To implement this we need code to load the object mask and the color segmentation image and use the object mask to "mask" the color segmentation image. That seems straightforward enough but worth mentioning.

For ease of use, it probably makes sense to do this in the same script as color segmentation. This could be a flag --clip_by object_mask with companion --clip_to_file. (--clip_by_color would be reasonable but it's not needed I think until/unless we need to worry about multiple objects per image. For more on that, see the discussion of stroke extraction.)

Stroke extraction

We may need to make some changes so that the refined masks are handled properly during stroke extraction. One issue is that similar color regions may blend together in terms of lightness, leading to less effective stroke extraction. The second issue is that this complicates multi-object scene segmentation. If we need to deal with the second issue directly, I think we can. However, we may not need to deal with the second issue.
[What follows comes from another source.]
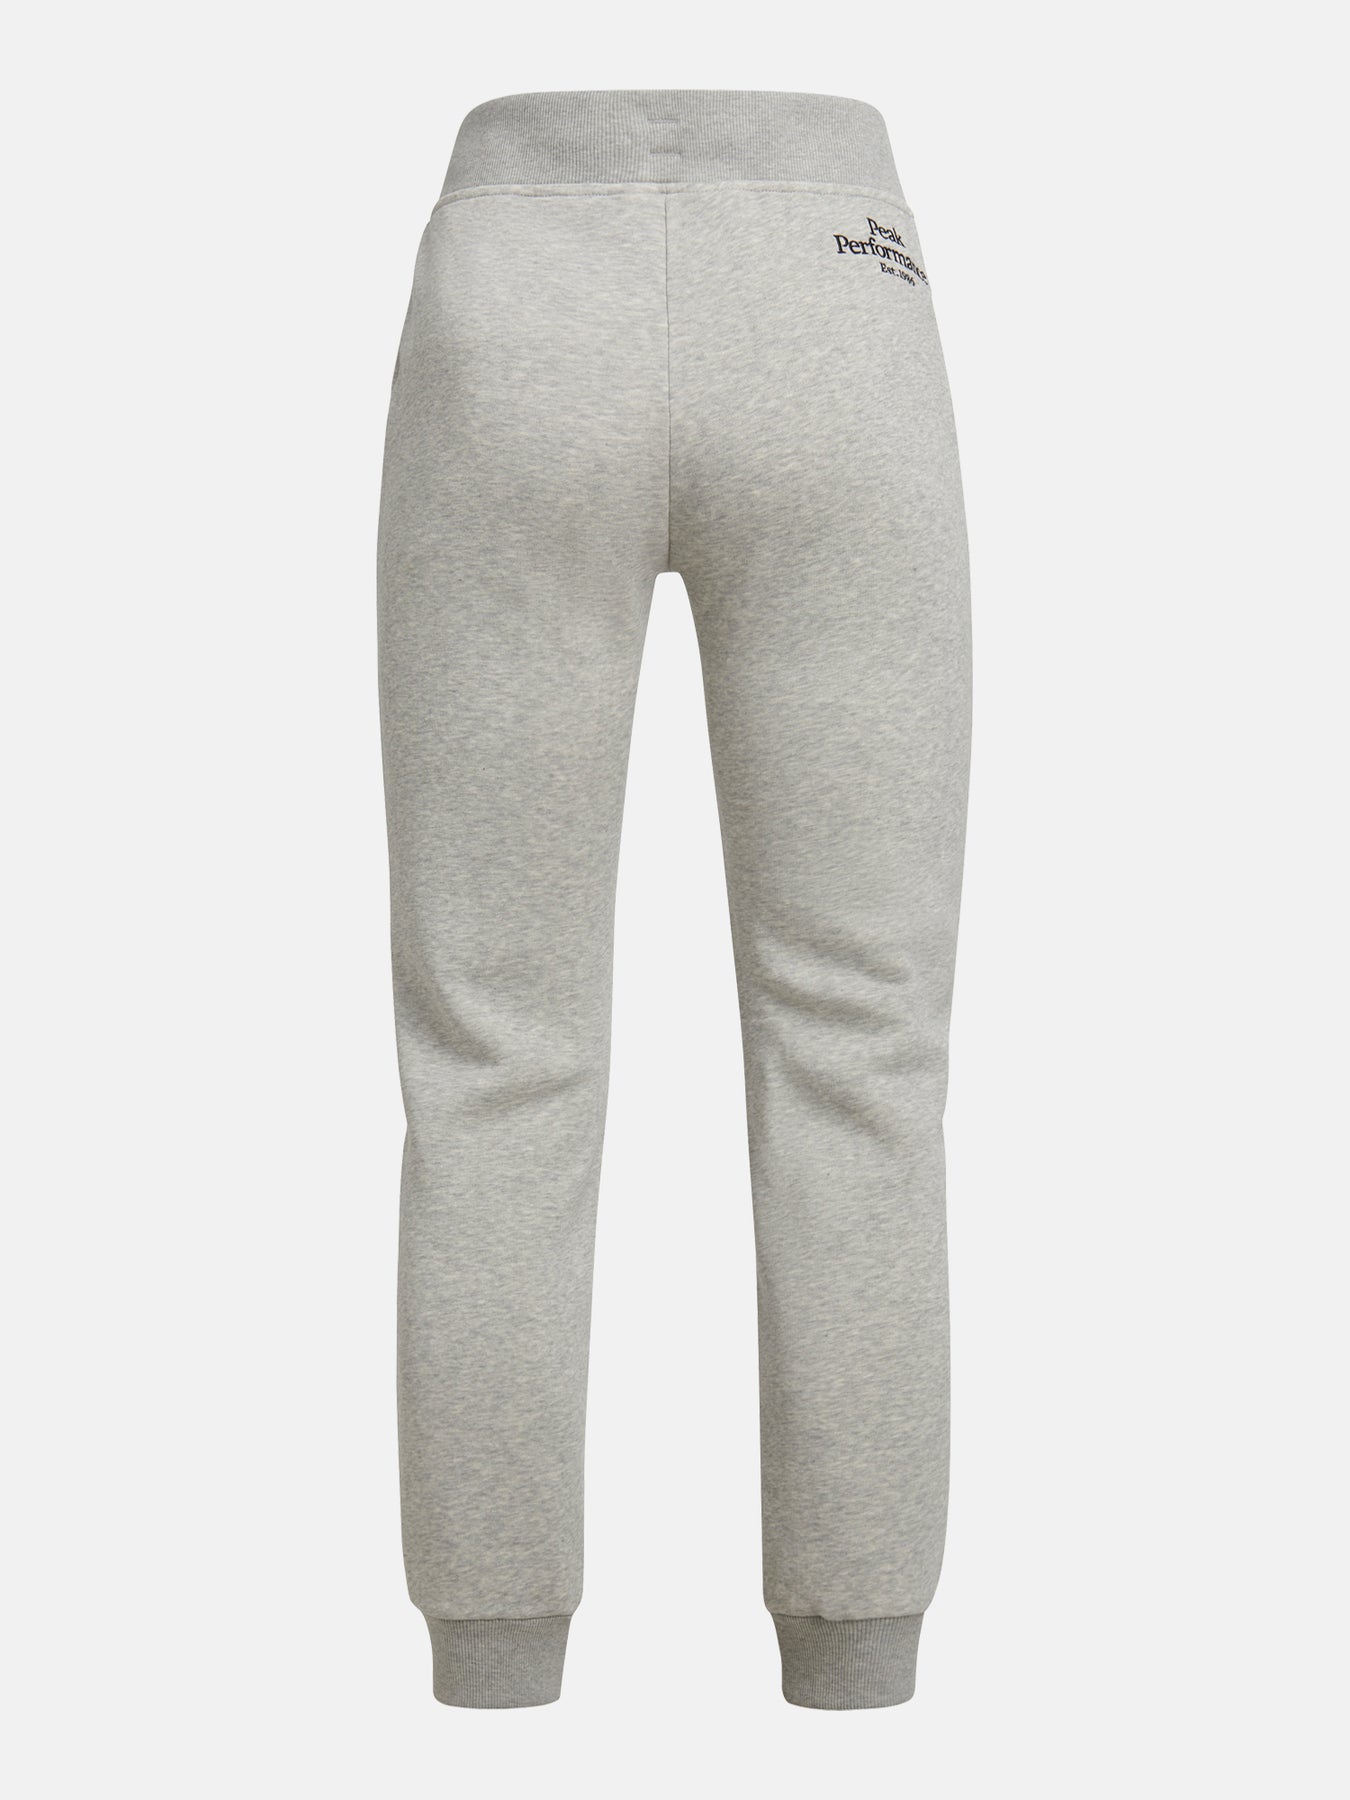 W Original Pants - Grey Melange

The first issue is that color regions may blend together. The Matlab code for stroke extraction starts by converting the image to grayscale. This works by throwing away the hue and saturation values for each pixel. The Matlab code relies on doing Canny edge detection over this grayscale image. So if we have color regions that are similar in lightness we are likely to run into problems. I'd want to rewrite the colors in the refined-segmentation image we feed to the stroke extraction code to make sure that they are distinctive in lightness.

The second issue is, this complicates multiple-object scene segmentation. In the current, baseline setup, every mask should correspond to an object if the masking model is accurate. So for spatial relations, we'd like to simply switch off the logic that glues together all stroke graphs in the image. But things become more complicated if we want to integrate spatial relations with color segmentation for refining strokes. In that case we run into problems because we don't want each "color slice" of an object to be treated as a separate object, and we don't want different objects sharing a color along their boundary to bleed together and get treated as one.
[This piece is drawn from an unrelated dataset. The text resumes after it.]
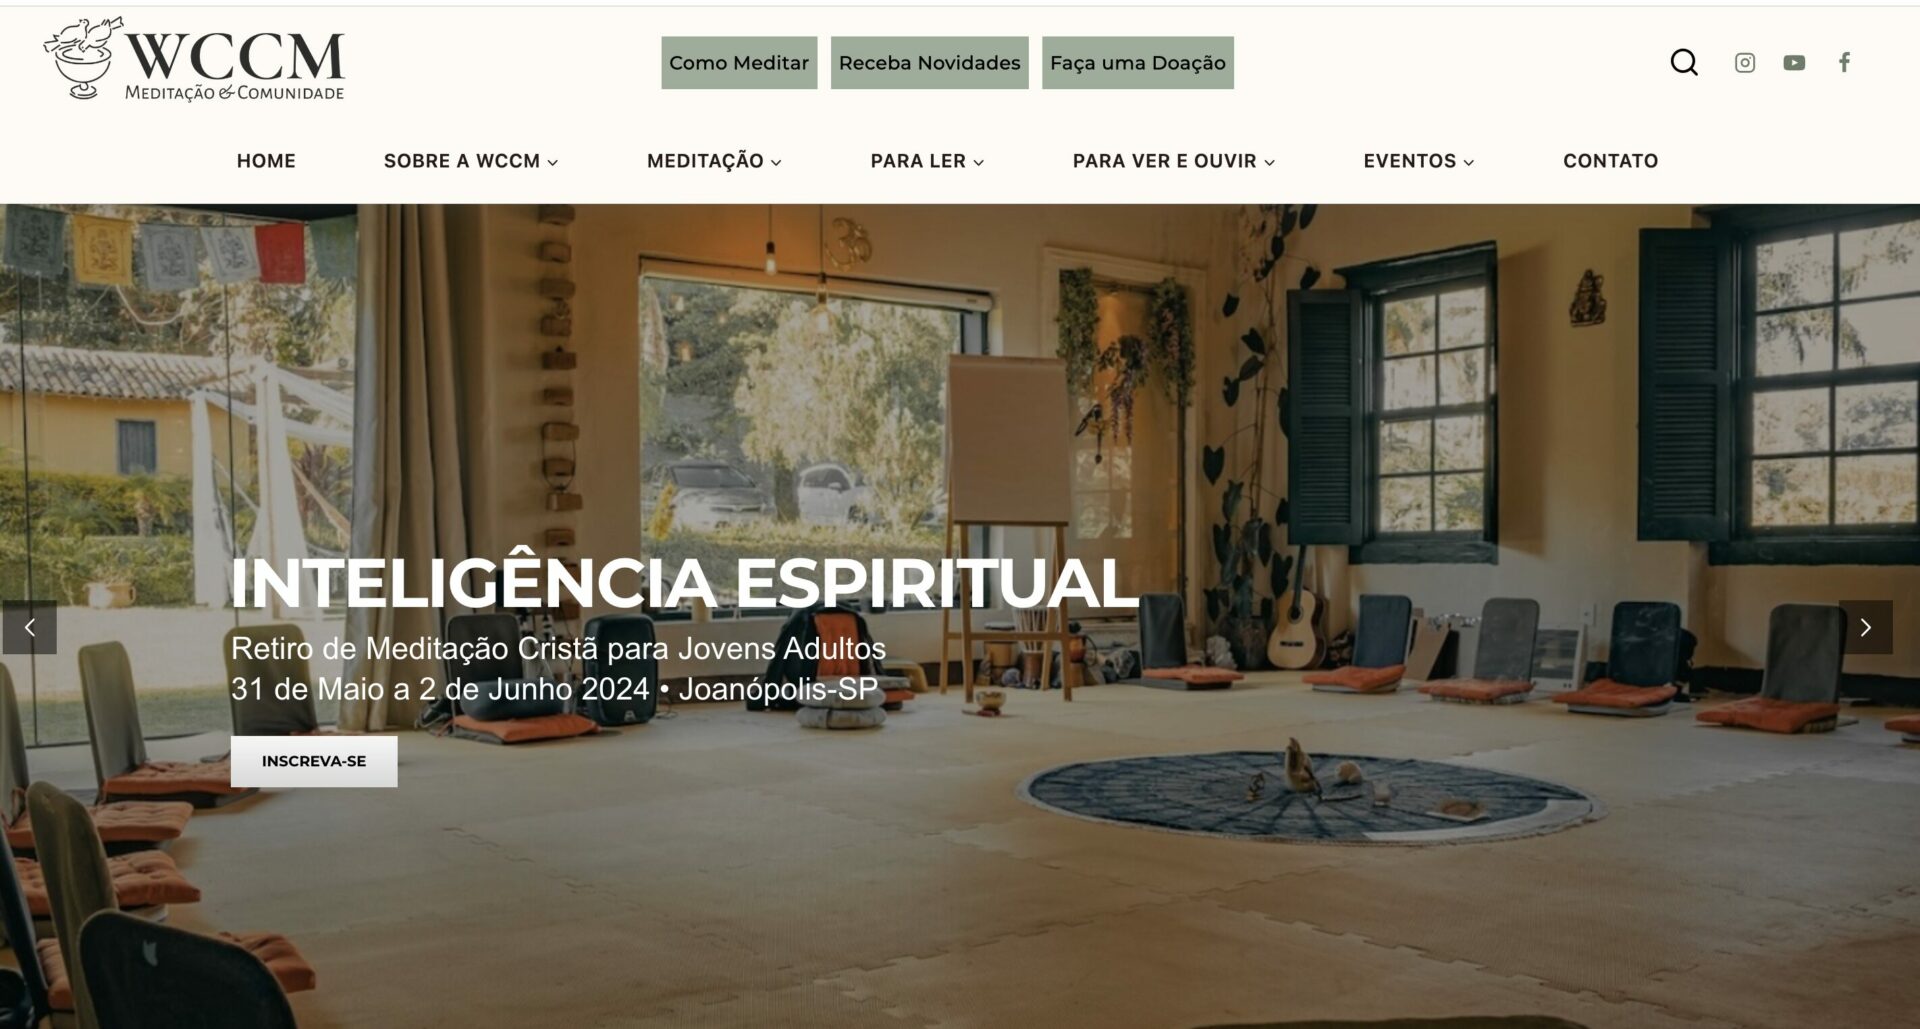 WCCM Brazil home page

This second issue is not an immediate concern, but it means extra work if we want to do both color segmentation and spatial relations at the same time. For spatial relations we'd need to prevent the gluing-together of different object. However, we'd still want to refine each object mask separately. One approach to resolving this would be to produce k refined segmentation masks, one per object, then feed each image separately into stroke extraction, then finally combine the results into one feature file. We'd still want to run just one script per situation, so this would require some changes to the stroke extraction script. This integration is complicated.

But if we don't need to integrate them, I think we can get away with a simpler solution. A "good enough" solution for now might be: Ignore the problem, because we don't need to do both at once for our experiments. If I need to make any changes to stroke extraction for color segmentation, I can just create a separate copy of the script. I don't think we need to do both at once, so this is probably fine.